The daughter of a bank manager, Bewley acknowledges the advantages she had that a working-class girl from Northern Ireland would not have. One of these was a good education at several schools, including fee-paying convent schools in Kilkenny and Dublin, connections and supportive parents. She spent six years at Trinity College, Dublin from 1947 to 1953, gaining an MB BCh, which qualified her as a physician.

Bewley’s career in medicine spanned several decades. This brief review will summarise its highlights. During the 1950s and 1960s, in addition to giving birth to five children, Bewley worked on a part-time basis in paediatric clinics, occupational health and preventative medicine. Juggling motherhood and medicine, her time was divided between hospital clinical medicine and public health in several London boroughs. Family planning, antenatal development and paediatrics were her specialities.
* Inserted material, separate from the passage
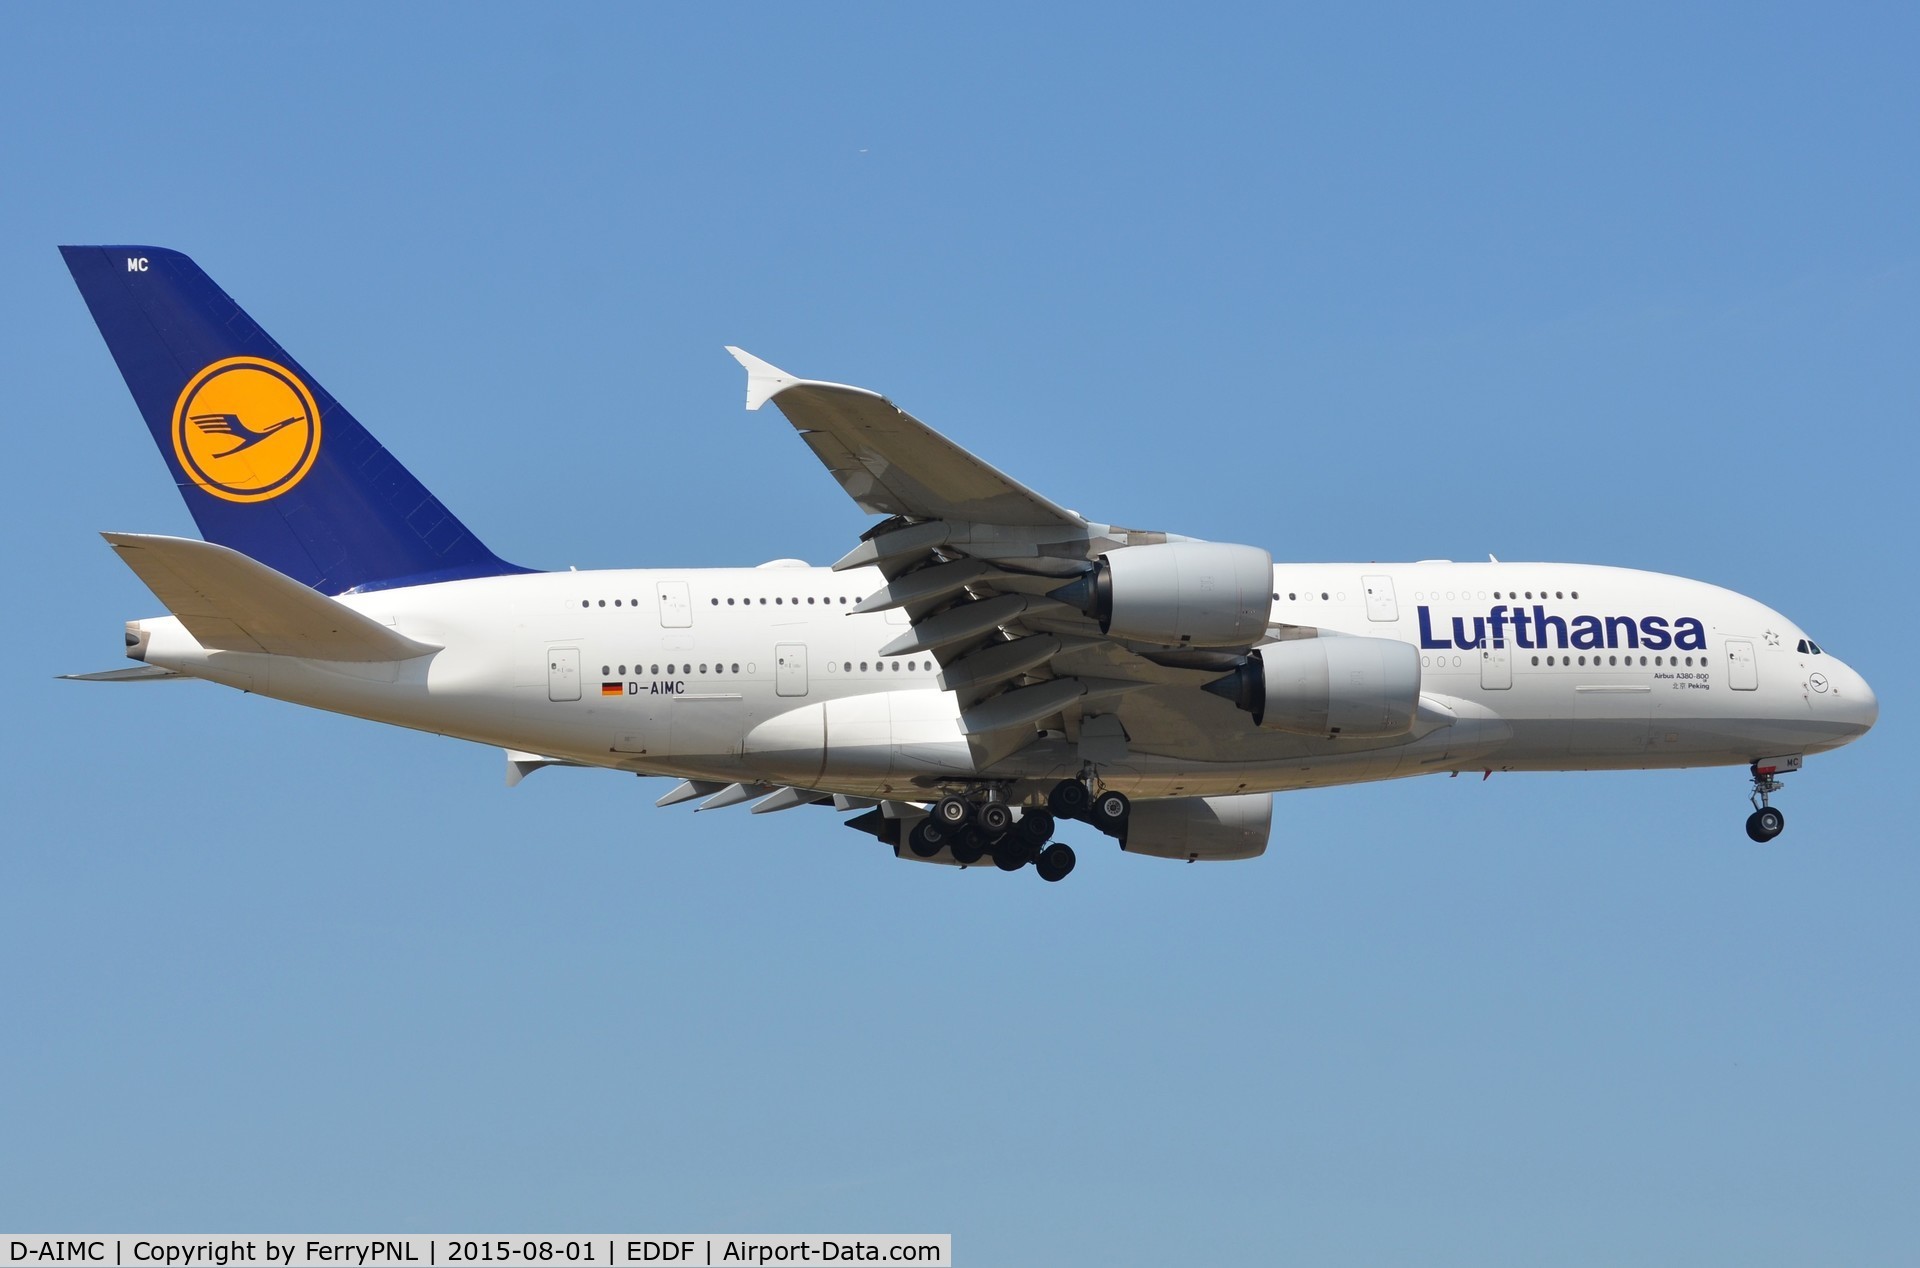 D-AIMC, 2010 Airbus A380-841 C/N 044, Lufthansa A388 on short finals.

After fifteen years of part-time work, Bewley recalls that at the age of forty in 1969, she began a two-year training course for a new MSc in epidemiology and social medicine at the London School of Hygiene and Tropical Medicine. As Bewley had worked extensively in public health, she maintained that this course provided the perfect path way back to a full-time medical career. Bewley’s husband Thomas, a psychiatrist, was supportive of his wife’s ambitions. He lessened his own work load to share in the childcare and home management responsibilities. Of the twelve students in the course, Bewley was the only woman and she was the first woman to graduate with this degree. She recounts that her tutors and fellow students were very supportive. During the second year of her course, she studied primary school children’s smoking habits which began her life-long research on this subject. In 1974, she was awarded an MD from Trinity College, Dublin for which she had written a study of smoking and respiratory illnesses in primary school children in Derbyshire. Bewley provides interesting details on the nature of medical research at this time, including the mechanics of dealing with children who did not know what phlegm was, and how she and her husband managed childcare.
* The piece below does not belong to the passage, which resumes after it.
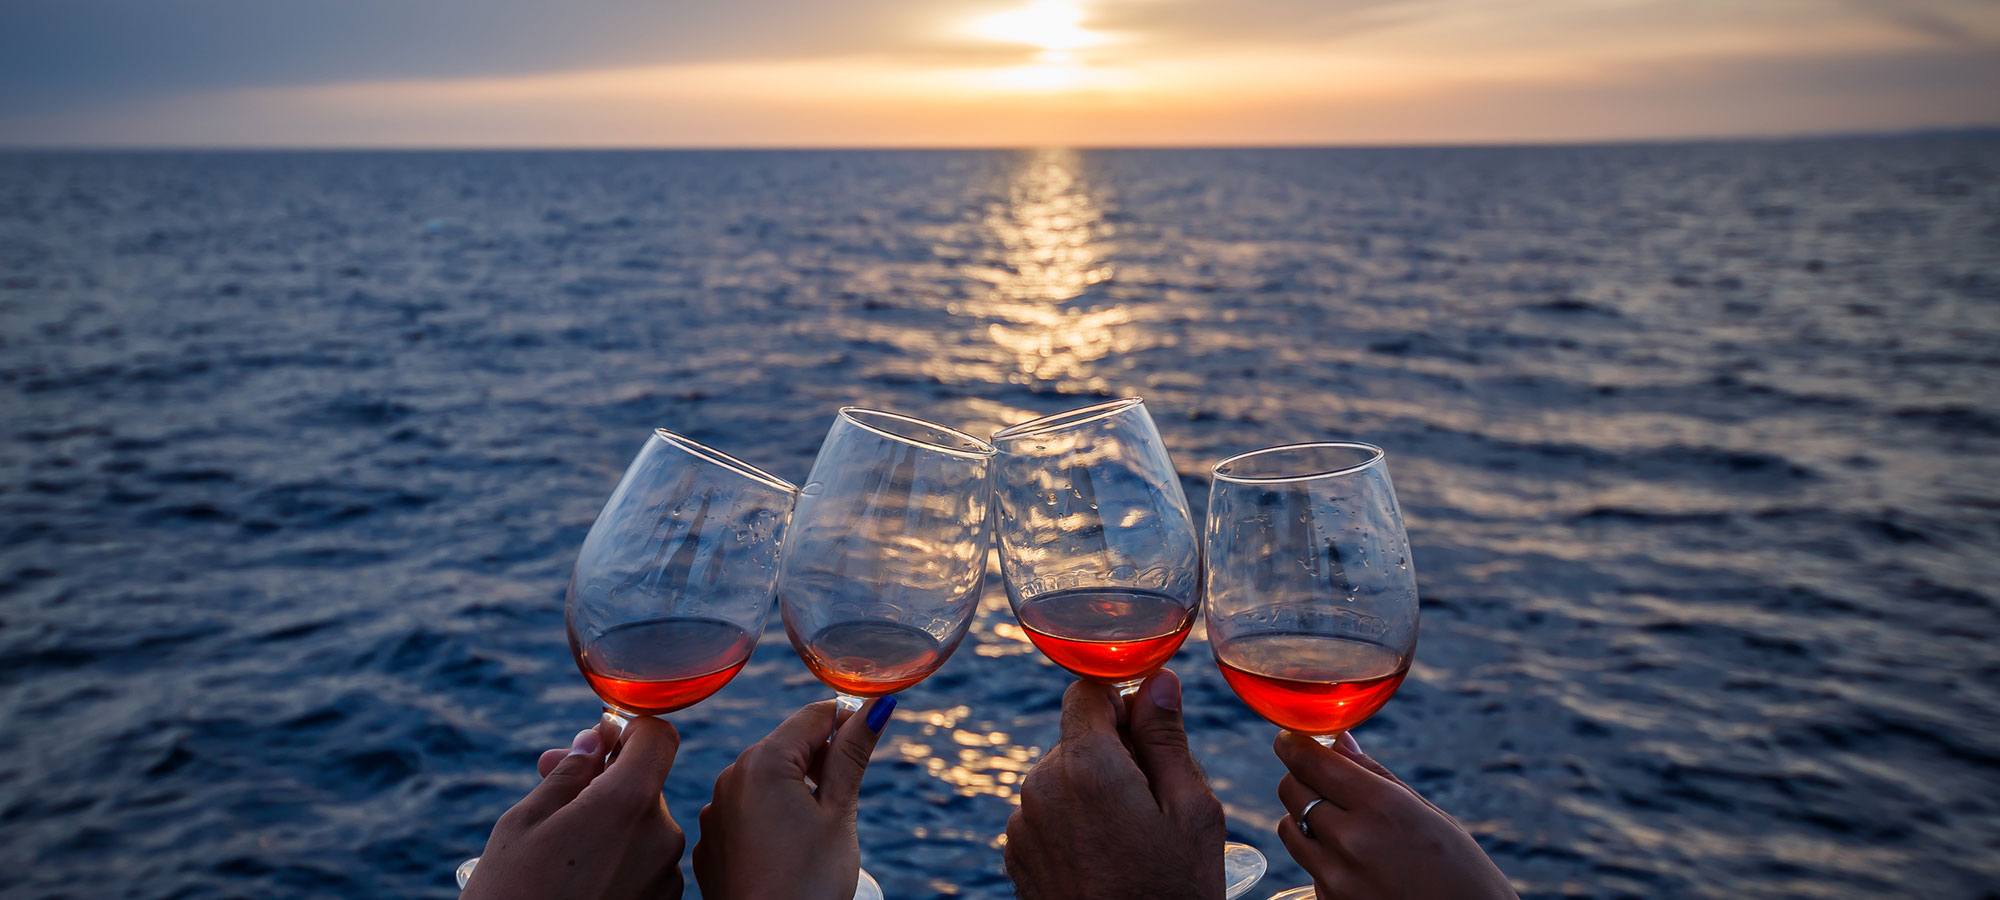 L’odissea del vino dell’adriatico, 1° parte: Dalmazia Centrale

Over the next two decades, until her retirement in 1995, Bewley practised and taught at many London teaching hospitals including St. Thomas’ and King’s College. She served on numerous boards and committees, and published many scholarly papers primarily on children and cigarette smoking and related illnesses, and smoking’s impact on their academic performance. Other topics she explored were issues confronting women in medicine, smoking and pregnancy, community health, and related topics. The curriculum vitae provided by the editor Susan Bewley is useful for readers who would like to investigate Bewley’s many scholarly contributions to medicine and gender issues.
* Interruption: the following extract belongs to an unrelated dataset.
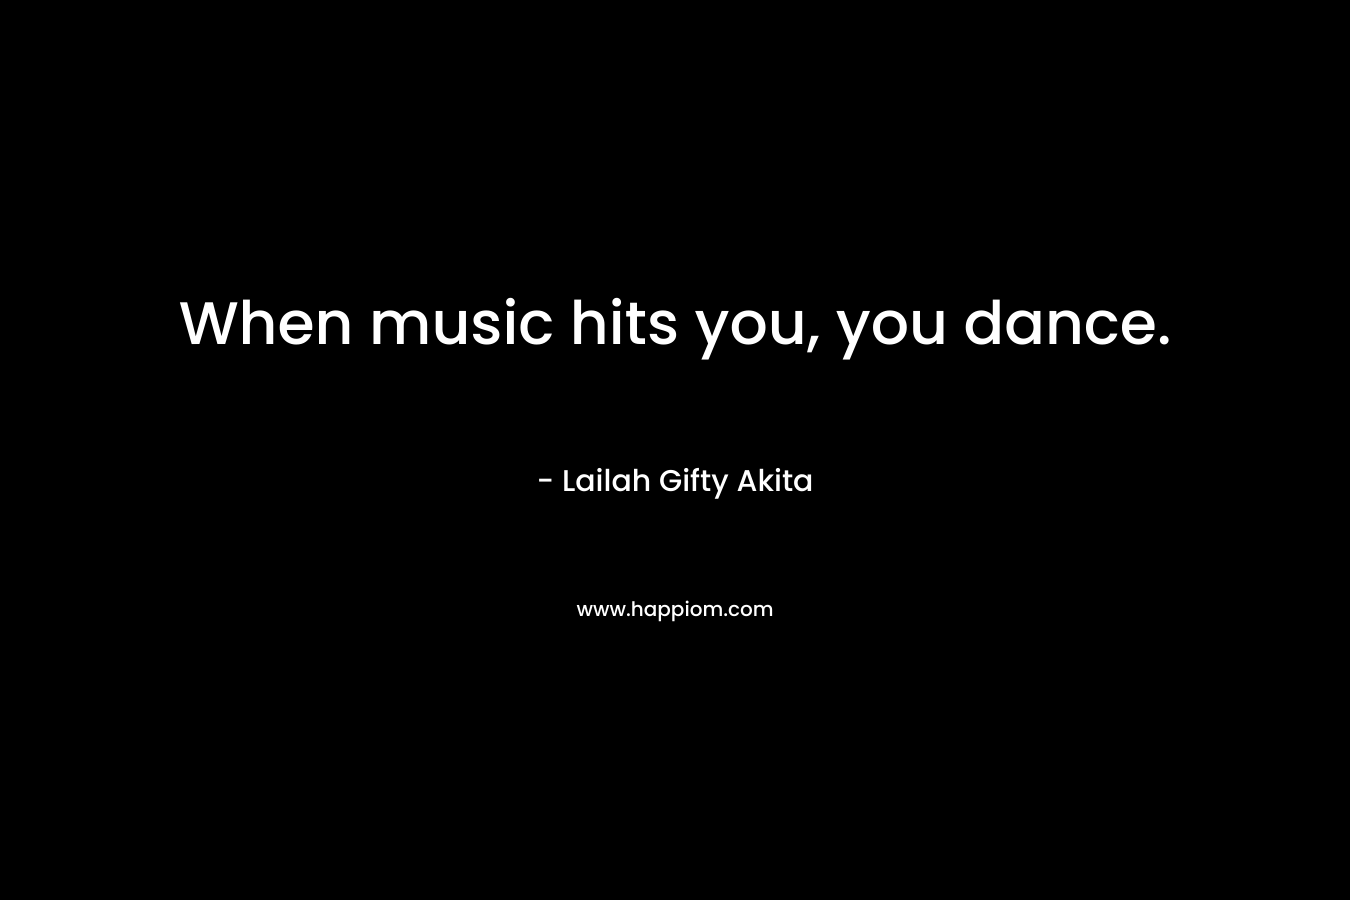 When music hits you, you dance.

In recognition of her many achievements in the field of women’s health and for advancing equal opportunities for women in medicine, particularly while on the Medical Women’s Federation on the General Medical Council. Bewley was made a Dame of the British Empire (DBE) in 2000. On receiving the award, she commented: ‘There certainly was discrimination. They used to look at you and say she is married, or she has got children and if you were not married, they were expecting you to get married.’ http://news.bbc.co.uk/2/hi/health/583896.stm

Merrilyn Murnane and Beulah Bewley succeeded in their goal of inspiring the next generation of women physicians. Both physicians recognise the debt they owe to their exceptional predecessors. Both women are self-effacing about their own successes and life achievements. The challenges and successes of the courageous pioneering women physicians of the nineteenth and twentieth centuries are aptly told in both works which complement each other well.